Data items
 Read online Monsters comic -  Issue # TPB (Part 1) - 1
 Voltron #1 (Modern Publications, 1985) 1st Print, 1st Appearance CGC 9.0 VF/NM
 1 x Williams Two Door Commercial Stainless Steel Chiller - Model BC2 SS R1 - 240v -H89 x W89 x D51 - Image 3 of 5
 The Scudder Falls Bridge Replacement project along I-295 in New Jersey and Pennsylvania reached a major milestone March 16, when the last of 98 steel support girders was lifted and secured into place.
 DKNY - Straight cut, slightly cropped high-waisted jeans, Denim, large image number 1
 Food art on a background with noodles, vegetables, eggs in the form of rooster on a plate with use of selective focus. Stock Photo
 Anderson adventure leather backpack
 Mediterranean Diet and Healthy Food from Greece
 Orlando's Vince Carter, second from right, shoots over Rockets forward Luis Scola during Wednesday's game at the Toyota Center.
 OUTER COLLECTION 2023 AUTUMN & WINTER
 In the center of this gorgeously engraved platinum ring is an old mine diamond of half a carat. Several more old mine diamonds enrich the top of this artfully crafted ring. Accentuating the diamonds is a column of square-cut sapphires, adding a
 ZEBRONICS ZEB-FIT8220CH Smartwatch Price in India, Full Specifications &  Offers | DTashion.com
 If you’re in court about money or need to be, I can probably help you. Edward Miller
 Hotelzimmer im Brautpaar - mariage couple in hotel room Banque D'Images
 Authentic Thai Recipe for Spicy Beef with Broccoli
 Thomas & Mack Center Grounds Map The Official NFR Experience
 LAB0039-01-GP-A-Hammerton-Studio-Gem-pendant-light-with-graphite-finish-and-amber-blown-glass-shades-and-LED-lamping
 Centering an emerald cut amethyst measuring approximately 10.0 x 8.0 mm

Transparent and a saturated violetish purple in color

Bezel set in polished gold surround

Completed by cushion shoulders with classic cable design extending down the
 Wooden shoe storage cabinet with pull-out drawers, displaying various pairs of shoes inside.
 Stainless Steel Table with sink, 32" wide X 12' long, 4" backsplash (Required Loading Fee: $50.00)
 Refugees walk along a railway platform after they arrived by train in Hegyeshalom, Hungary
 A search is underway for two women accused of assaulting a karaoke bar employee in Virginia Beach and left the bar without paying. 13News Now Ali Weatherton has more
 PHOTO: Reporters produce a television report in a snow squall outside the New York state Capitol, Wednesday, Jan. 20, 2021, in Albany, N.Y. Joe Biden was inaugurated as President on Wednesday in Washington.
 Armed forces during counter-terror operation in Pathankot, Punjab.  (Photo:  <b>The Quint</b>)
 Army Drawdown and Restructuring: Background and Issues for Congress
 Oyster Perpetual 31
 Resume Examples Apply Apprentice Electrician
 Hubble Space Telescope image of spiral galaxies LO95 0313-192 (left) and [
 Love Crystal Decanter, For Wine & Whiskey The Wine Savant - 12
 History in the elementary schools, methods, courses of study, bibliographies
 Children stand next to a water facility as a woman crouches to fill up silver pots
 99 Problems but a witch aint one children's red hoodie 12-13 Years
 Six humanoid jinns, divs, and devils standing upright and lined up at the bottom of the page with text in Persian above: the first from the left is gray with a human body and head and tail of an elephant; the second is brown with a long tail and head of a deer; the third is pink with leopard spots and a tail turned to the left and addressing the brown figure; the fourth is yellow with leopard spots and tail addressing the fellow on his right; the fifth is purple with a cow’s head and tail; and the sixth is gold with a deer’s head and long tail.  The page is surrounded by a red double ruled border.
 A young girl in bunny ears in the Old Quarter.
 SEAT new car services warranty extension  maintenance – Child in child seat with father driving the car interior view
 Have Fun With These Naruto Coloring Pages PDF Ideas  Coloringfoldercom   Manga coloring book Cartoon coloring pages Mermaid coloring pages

EXERCISE AIM: State how many lines in the records above contain the word "along", and give only that number.

SOLUTION TO THIS EXERCISE: 2